Source material >>
+++

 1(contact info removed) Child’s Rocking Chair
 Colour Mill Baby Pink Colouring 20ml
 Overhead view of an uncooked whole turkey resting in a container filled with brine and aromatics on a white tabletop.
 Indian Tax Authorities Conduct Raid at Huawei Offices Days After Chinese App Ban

+++

Task requirements >> The full listing above needs to be given again exactly.

Response to this task >>
 1(contact info removed) Child’s Rocking Chair
 Colour Mill Baby Pink Colouring 20ml
 Overhead view of an uncooked whole turkey resting in a container filled with brine and aromatics on a white tabletop.
 Indian Tax Authorities Conduct Raid at Huawei Offices Days After Chinese App Ban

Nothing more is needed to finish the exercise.